X. Operations as a managed service
The customer-owned tenancy model raises a fair question: if the gateway runs inside the customer's subscription, who keeps it running. The answer is that Ryshe operates it there, as a managed service that works inside the customer's boundary rather than pulling data out of it. The customer owns the subscription, the keys, and the data; Ryshe owns the burden of running the software well.
Operating inside the customer tenant
Ryshe operators reach the gateway through the customer's Entra ID with scoped, audited roles, the same identity plane the customer's own staff use. Operational actions are subject to the same RBAC and the same append-only log as any other privileged action, so the customer can see exactly what was done on their behalf. Nothing about managed operation requires customer data to leave the boundary.
Service-level objectives
The managed service is held to published objectives so that 'managed' is a measurable commitment rather than a marketing word.

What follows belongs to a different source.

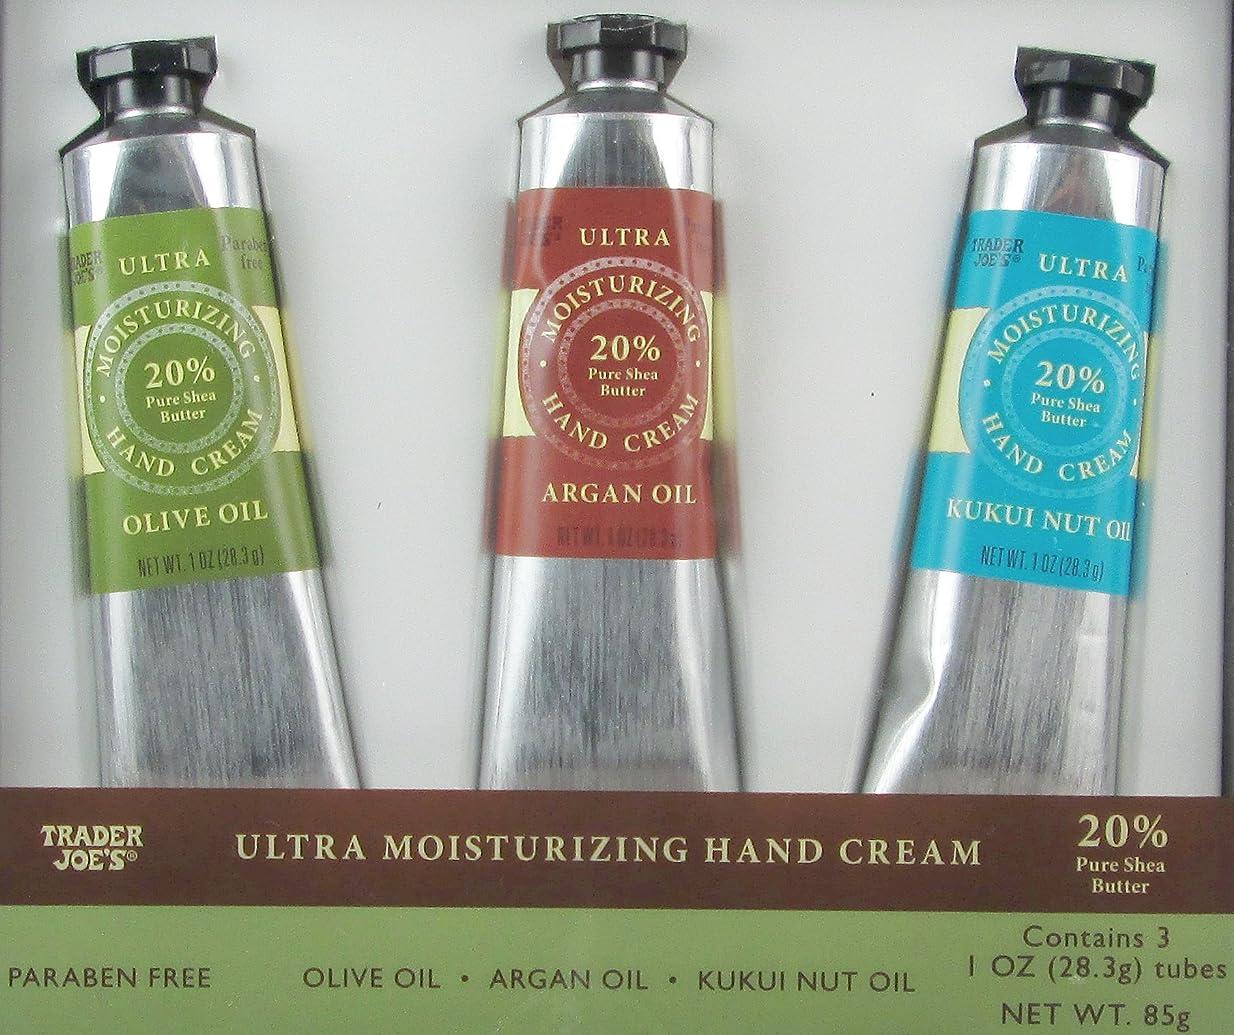 勧告かごびっくりしたトレーダージョーズ ウルトラ モイスチャライジング ハンドクリーム 3種類 ギフトセット Trader Joe's Moisturizing Hand Cream Trio Olive Oil, Argan Oil, Kukui Nut

These objectives are illustrative of the operating posture and are set per engagement. The point is that managed operation is governed by the same instruments as the rest of the architecture: identity, RBAC, and an audit log that the customer, not Ryshe, ultimately controls.
XI. Compliance alignment
The architecture is built to map cleanly onto the control families that regulated enterprises are already audited against, so that adopting the gateway extends an existing compliance posture rather than opening a new gap to be assessed. The mapping below connects common frameworks to the gateway capabilities that satisfy them.
SOC 2: the access controls (Entra ID RBAC), change management (Bicep plus gated CI/CD), and monitoring (App Insights plus the audit log) speak directly to the Security and Availability trust criteria. ISO/IEC 27001: identity, secrets in Key Vault, network isolation, and logging map to access control, cryptography, operations security, and communications security control sets. HIPAA-adjacent: edge redaction, least-capture defaults, enforced retention and purge, encryption in transit and at rest, and an append-only access record support the technical safeguards expected for sensitive data, even where the deployment is not itself a covered system. In every case the gateway supplies evidence, the hash-chained log, that auditors can verify rather than take on trust.

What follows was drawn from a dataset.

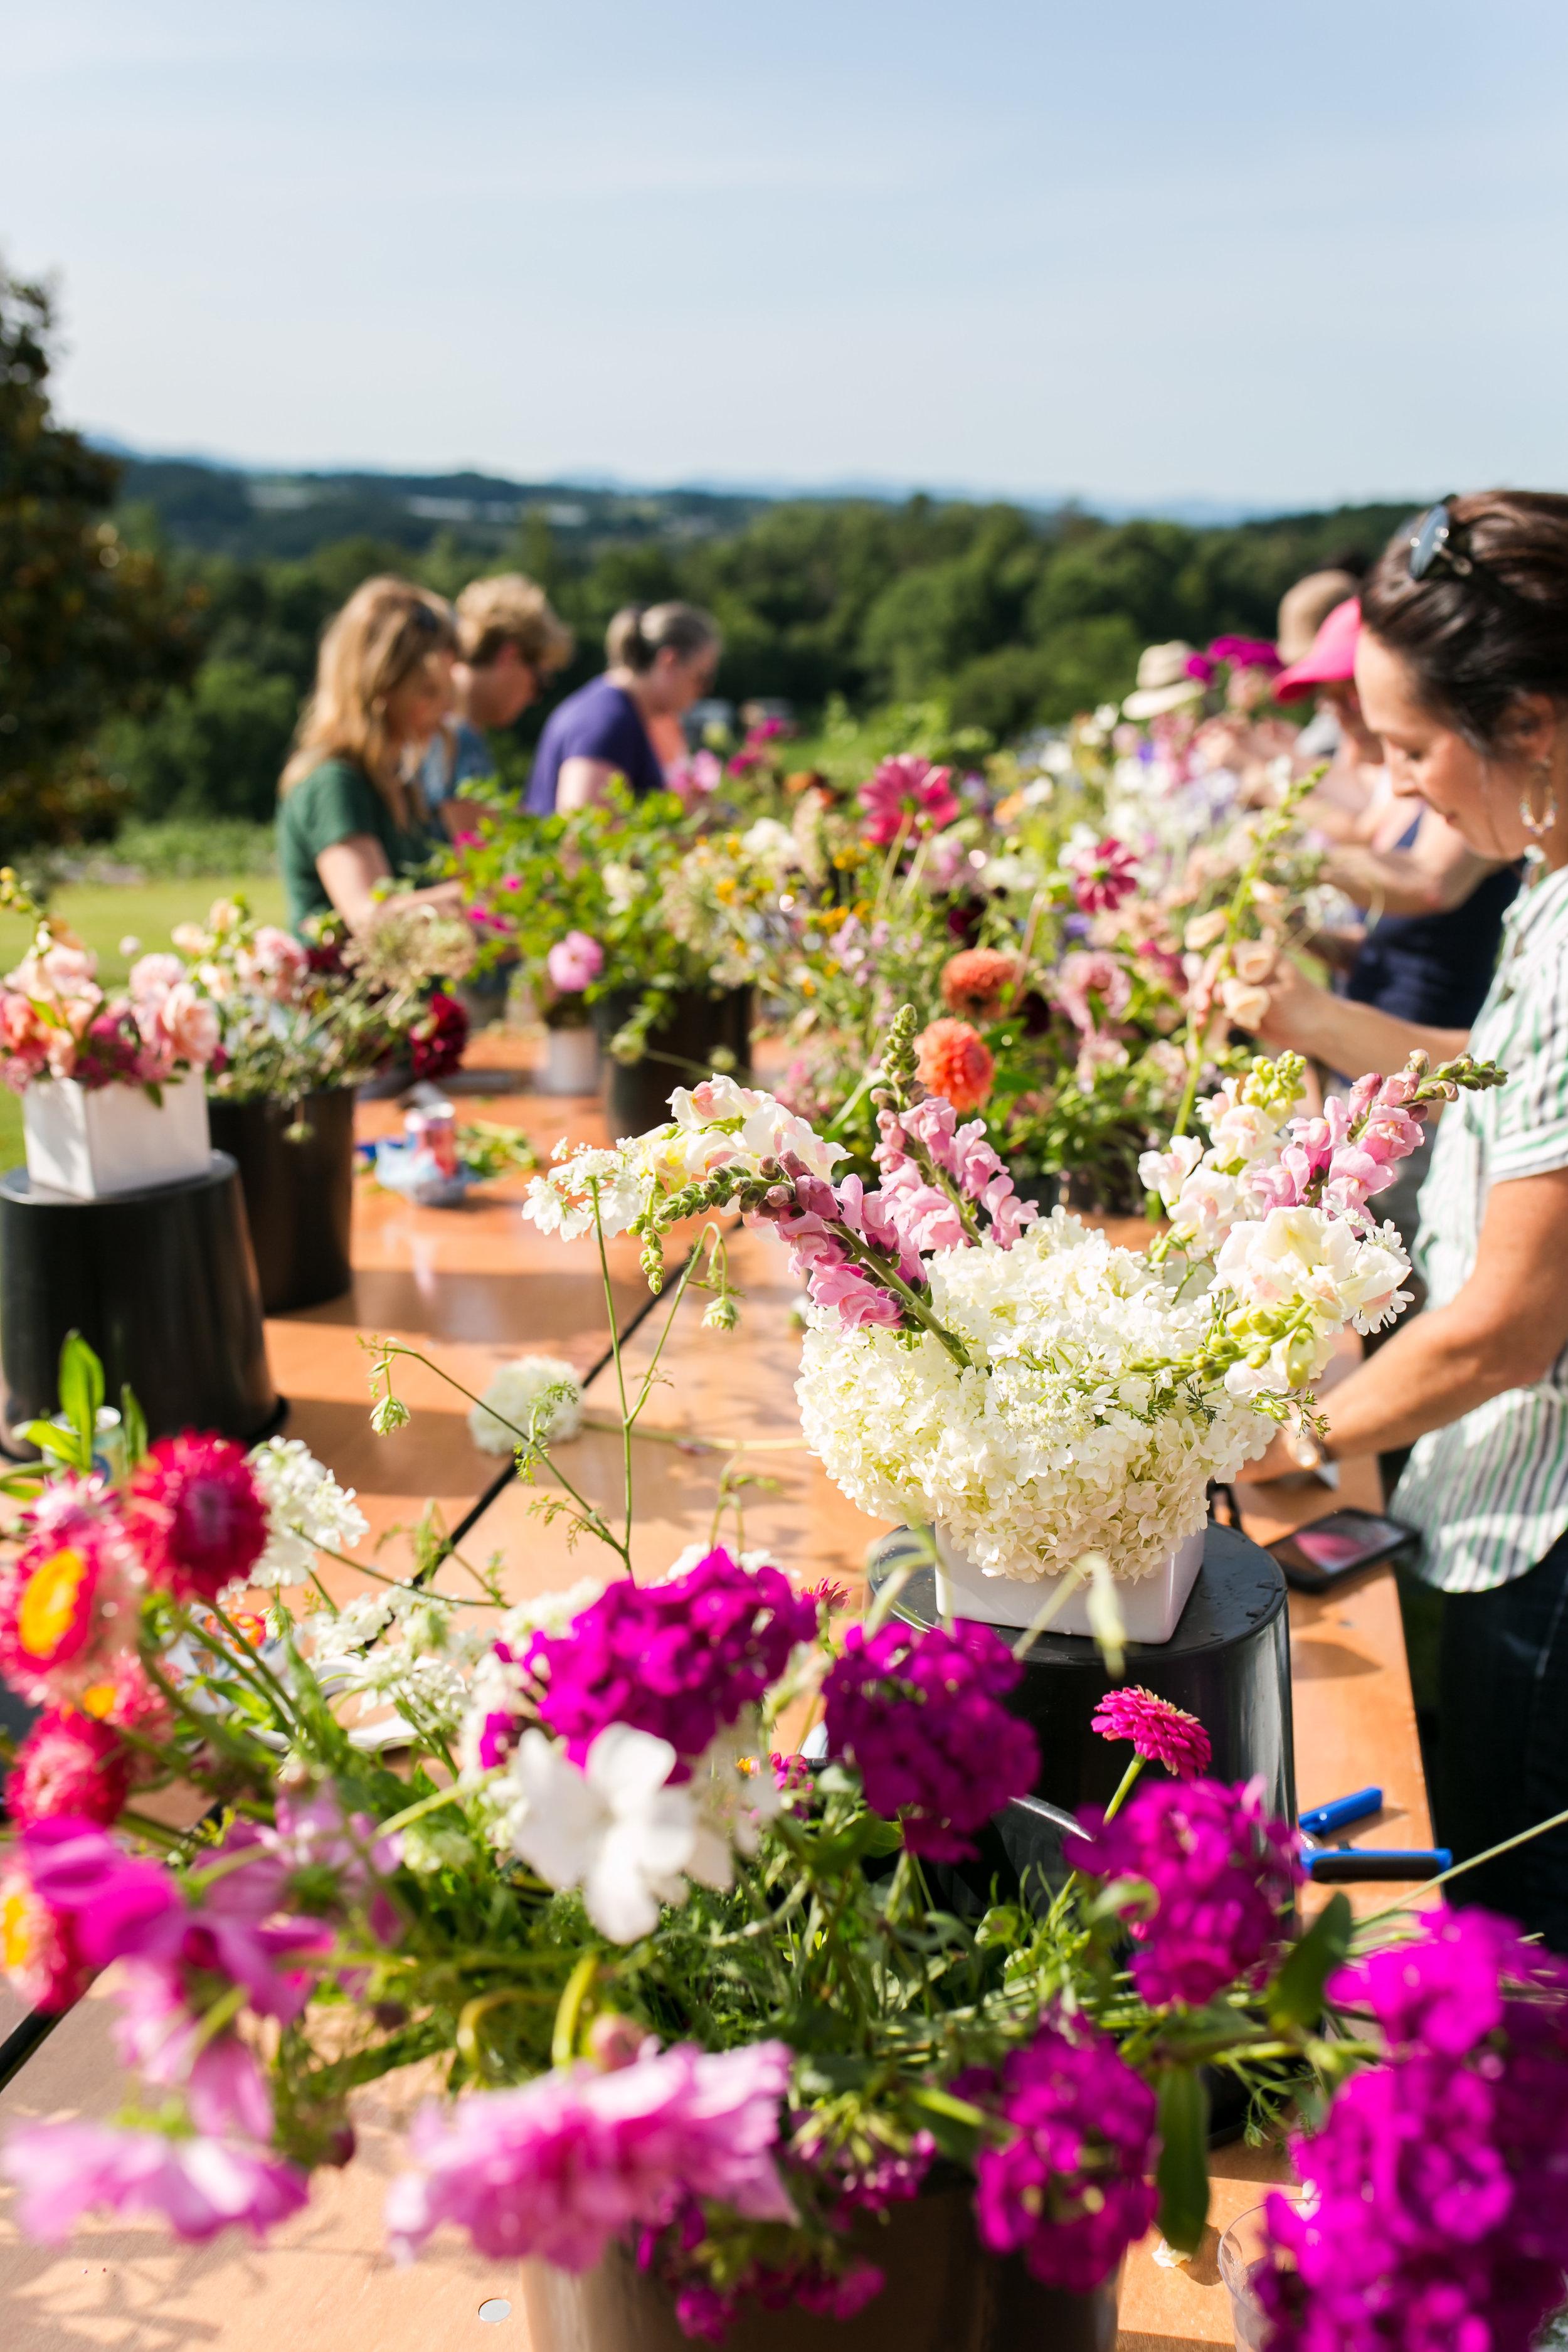 2019_062219_Flourish Flower Farm_An Evening On The Flower Farm-4463.jpg

No architecture grants compliance on its own; compliance is a property of the whole system and its operation. What the gateway provides is alignment by construction: its controls are the same controls these frameworks ask for, instrumented in a way that produces the evidence an audit needs.
XII. Conclusion
A context gateway earns its place by being the one component that sees every AI request, and that same position is why it carries the heaviest trust requirement in the stack. The architecture in this paper meets that requirement by refusing to relax four goals: control over what is sent, privacy of the context, auditability of every decision, and no unnecessary movement of data. Each Azure-native choice, each tenancy option, and each operational practice is downstream of those goals. The outcome is a gateway an enterprise can own, run in its own subscription under its own keys, and prove the behavior of, on every request. Secure context control is not a feature added at the end. It is the shape of the architecture from the first decision.
References
- [1]Microsoft, Azure Architecture Center and the Azure Well-Architected Framework.
- [2]NIST, Special Publication 800-53: Security and Privacy Controls for Information Systems and Organizations.
- [3]ISO/IEC 27001, Information security, cybersecurity and privacy protection: Information security management systems.
- [4]OWASP, Top 10 for Large Language Model Applications.
- [5]Center for Internet Security, CIS Benchmarks for Microsoft Azure.